Campaign finance law prohibits coordination between candidates and outside groups like the NRA. In order to preserve that independence, FEC rules limit how a vendor may work for both a candidate and an outside group supporting that candidate. Otherwise, the common vendor could act as a conduit to funnel strategic information to the outside group.
However, a recent Politico Magazine article reported that a consulting firm set up a shell corporation for the apparent purpose of helping the NRA evade these rules.
The directors at the political consulting firm OnMessage created a shell corporation called Starboard, located at the same address, and which appears indistinguishable from its parent company.
The NRA’s lobbying arm and PAC contracted with Starboard to create ads supporting U.S. Senate candidates Tom Cotton, Cory Gardner, and Thom Tillis in 2014, and Ron Johnson in 2016; those candidates, in turn, hired OnMessage. The NRA, which is effectively Starboard’s only client, consistently listed Starboard’s address as that of OnMessage, and OnMessage has repeatedly taken credit for advertisements that the NRA paid Starboard to produce.
While outside groups and campaigns may share a common vendor, such as a political ad firm, employees and partners working for each client are not permitted to share information. To avoid breaking the law, employees must sign a firewall policy to prevent them from sharing information inappropriately.
Starboard and OnMessage don’t appear to have any meaningful distinctions between them and it is unclear if they established a firewall. Internal emails demonstrated that executives and employees would often switch between roles in both firms. CLC’s Trevor Potter said in a comment to Politico that the evidence presented “raises substantial questions about whether OnMessage and Starboard Strategic were used as conduits for coordination between the NRA and the candidates it was supporting”.
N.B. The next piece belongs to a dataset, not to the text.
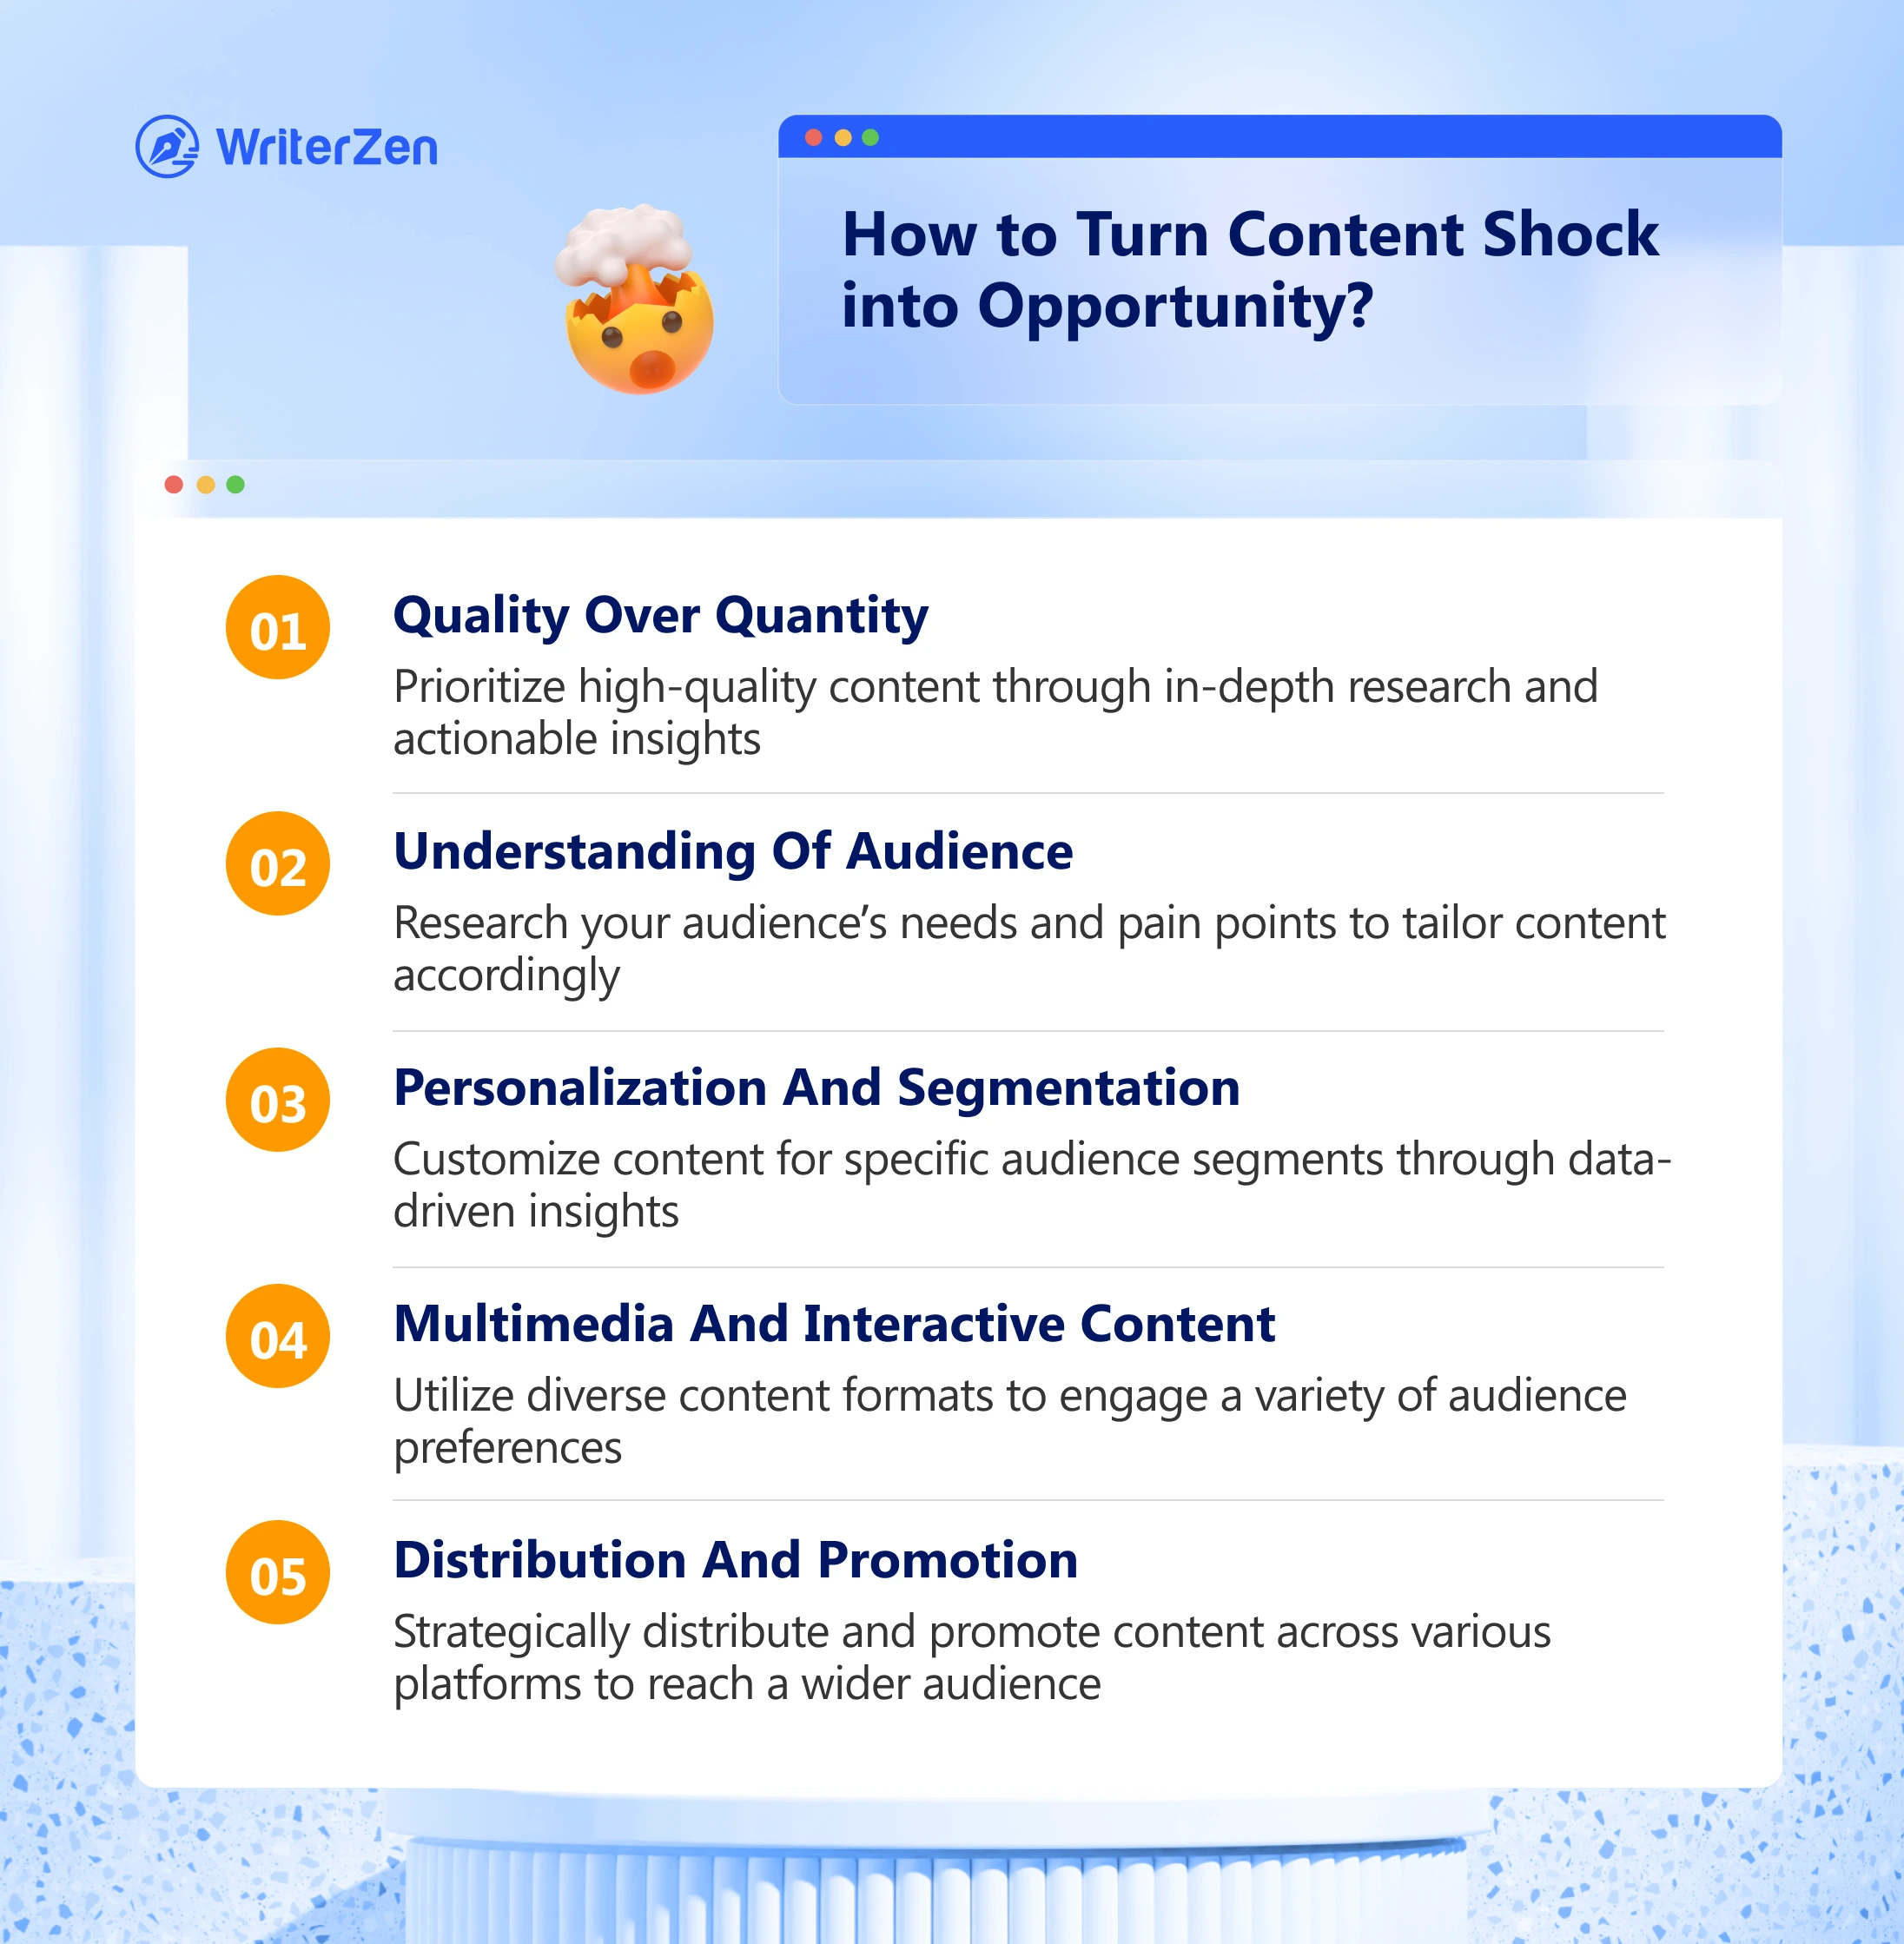 How to turn content shock into opportunity

According to the Supreme Court, groups like the NRA can only make unlimited expenditures if they are independent of the candidates they support, and it falls to the FEC to enforce the laws that preserve that independence. If outside groups and campaigns share information, it provides an unfair advantage, as these groups and campaigns are able to operate in harmony and more efficiently spend their money.
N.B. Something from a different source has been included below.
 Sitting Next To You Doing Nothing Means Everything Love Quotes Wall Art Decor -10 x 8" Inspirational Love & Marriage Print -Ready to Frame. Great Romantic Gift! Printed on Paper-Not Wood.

CLC’s Brendan Fischer told Politico Magazine that when outside groups operate independently, there’s “potential for its messaging to conflict with that of the candidate it’s supporting”. By coordinating, groups and campaigns share vital information with each other that leads to an unfair strategic advantage, especially in close races, like those in Colorado, North Carolina, and Arkansas. The FEC must take this complaint seriously and investigate whether there was wrongdoing.